Taylor Wessing Photo Portrait Prize 2023

Taylor Wessing Photo Portrait Prize 2023

For several years I worked in a building opposite the National Portrait Gallery. Indeed, for a goodly chunk of that time my desk actually overlooked the entrance. I’m appalled and not a little disgusted with myself that I crossed the road and went inside so few times during that period. But each time I did, I was reminded why it’s probably my favourite art gallery in London.
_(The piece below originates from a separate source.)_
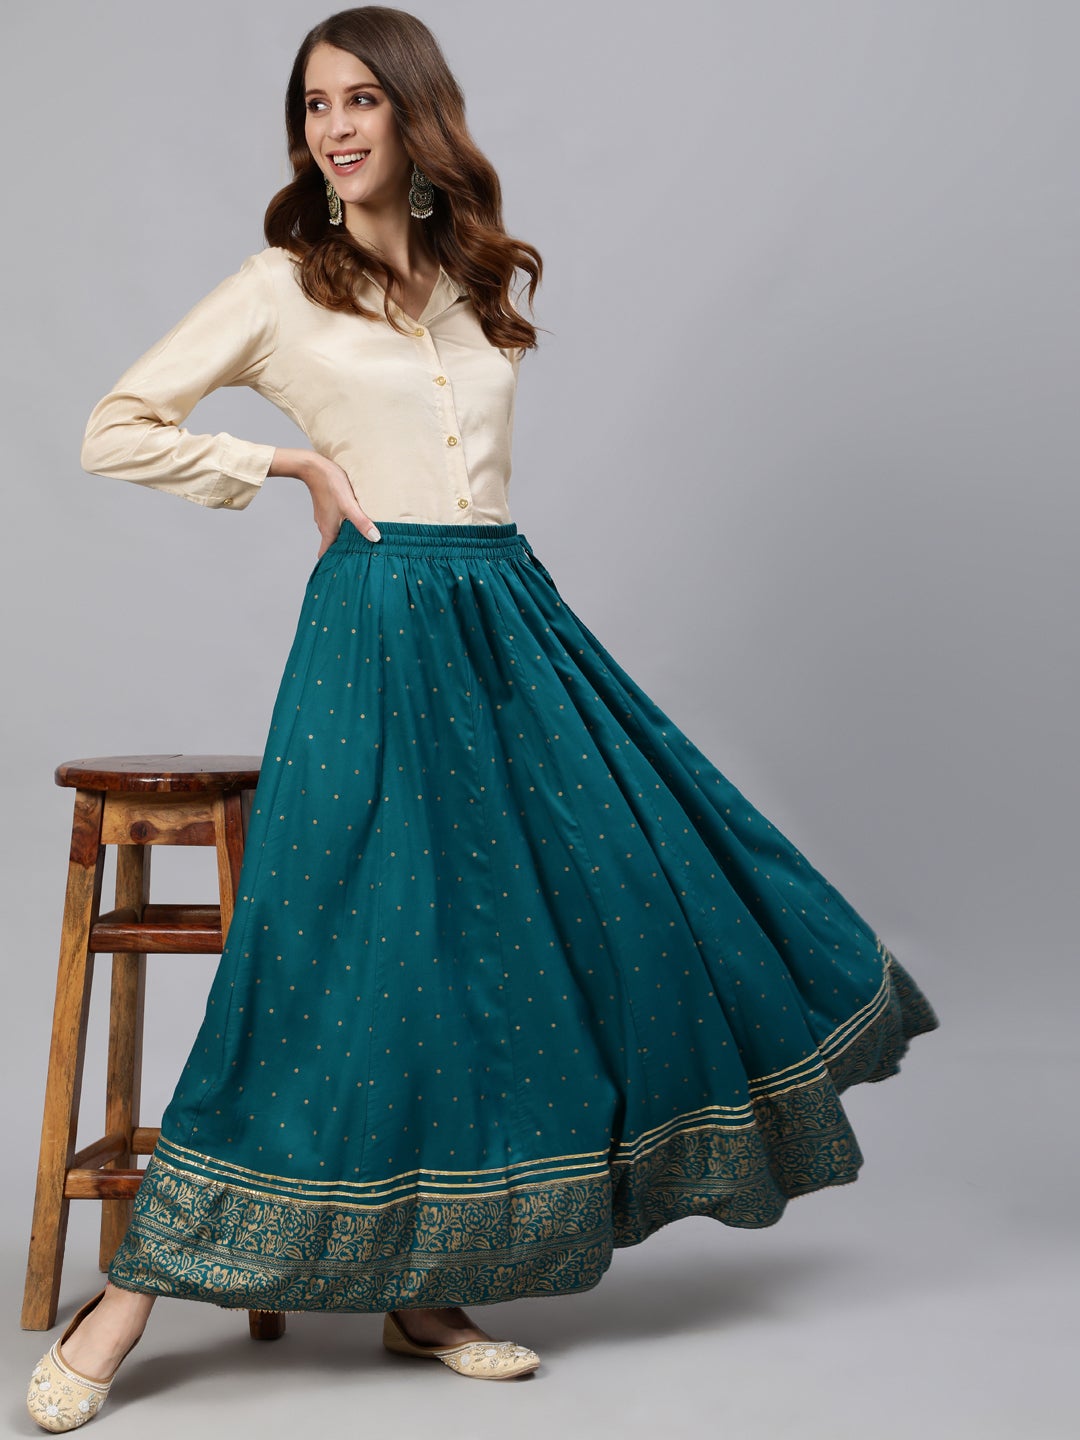 Turquoise Blue & Golden Ethnic Motifs Print Flared Maxi Skirt

A view that my visit there last week only served to confirm.

Admittedly, I’ve been equally tardy in getting to the Taylor Wessing Photo Portrait Prize 2023 exhibition (although, by way of a very meagre excuse, the exhibition wasn’t on throughout 2023, only since November), but as it’s still on display until the end of this month (Feb 2024), I wanted to encourage any of you who can, not to miss the chance to follow in my fascinated footsteps.

The entrance to the Taylor Wessing Photo Portrait Prize 2023 exhibition

Launched in 2003, the open competition which attracts about 6,000 entries from which around 60 are chosen to be displayed, and which always bears the name of the sponsor, so started as the Schweppes Photographic Portrait Prize, celebrates the best in contemporary photographic portraiture.
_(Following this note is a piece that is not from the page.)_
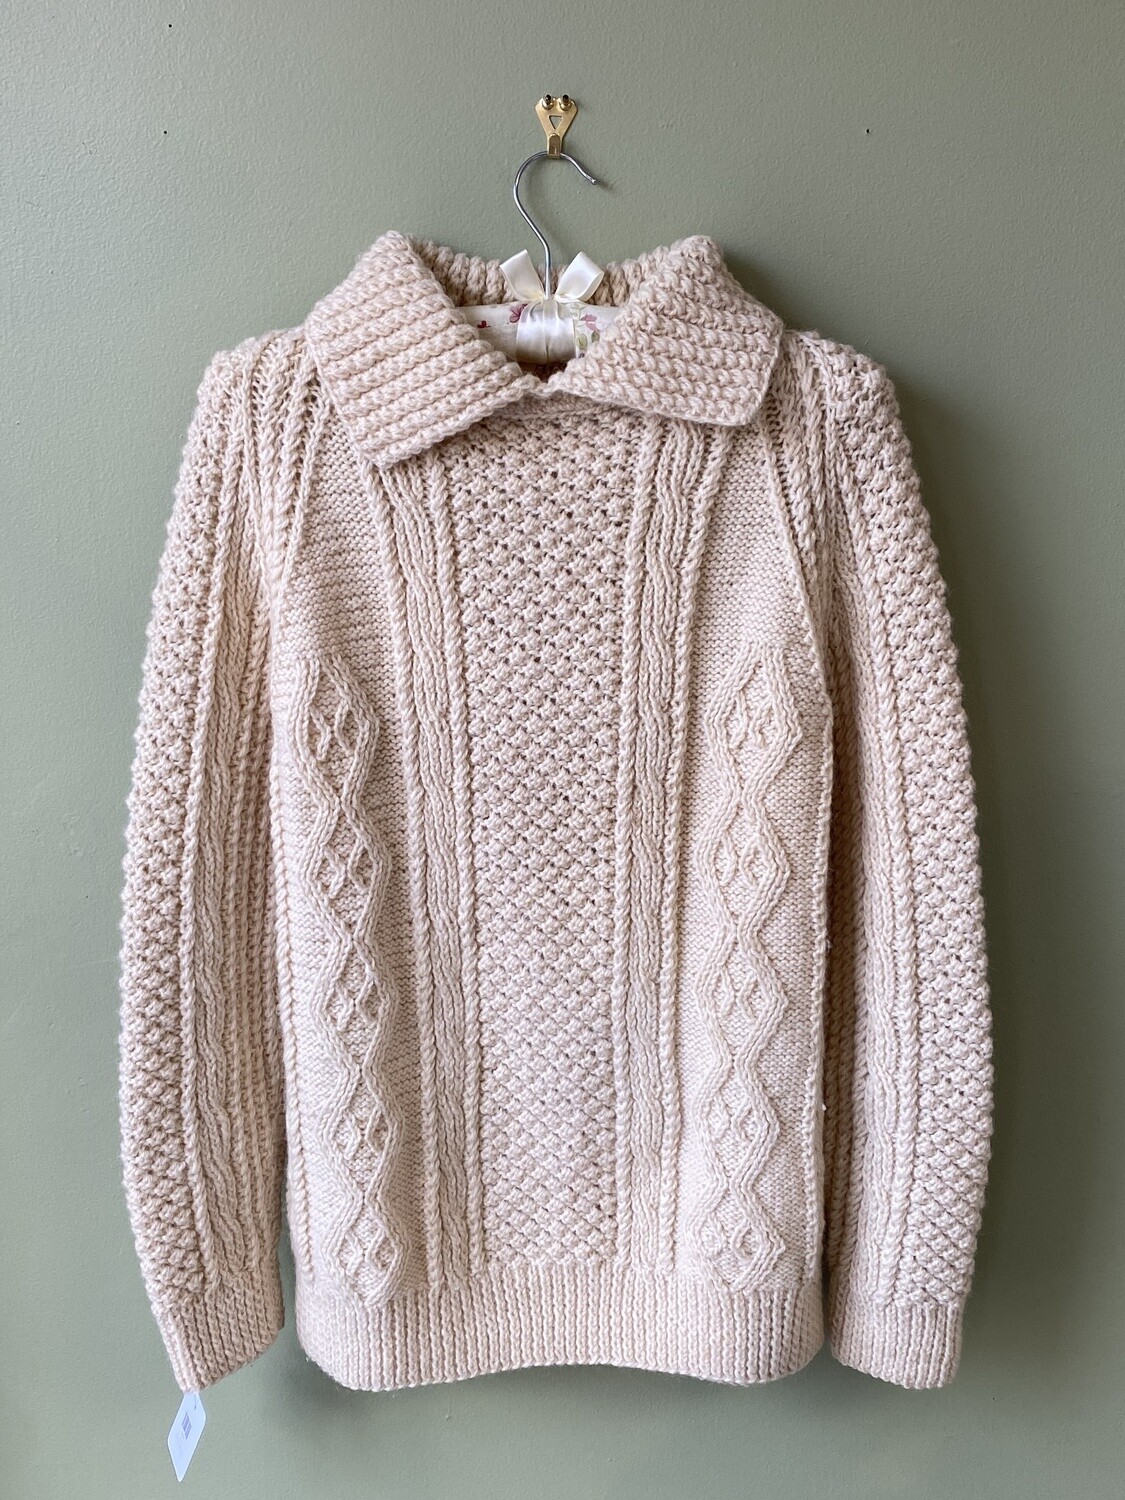 Hand-knit Mitchell's 100% Wool Irish Pull-over Sweater, Estimated Size M

Entrants have to be over 18, can come from anywhere in the world and be professional or amateur. They are encouraged to submit portraits that focus on portraying people with an ‘emphasis on their identity as individuals’. The winner of the competition gets £15,000, with a second prize of £3,000 and a third of £2,000.

The chosen selection of widely varying portraits, and the information that accompanies each of them, make for an absorbing, challenging, revealing, captivating, often moving, sometimes funny, display in which each of the photographers captures something powerful and connective in each of their subjects.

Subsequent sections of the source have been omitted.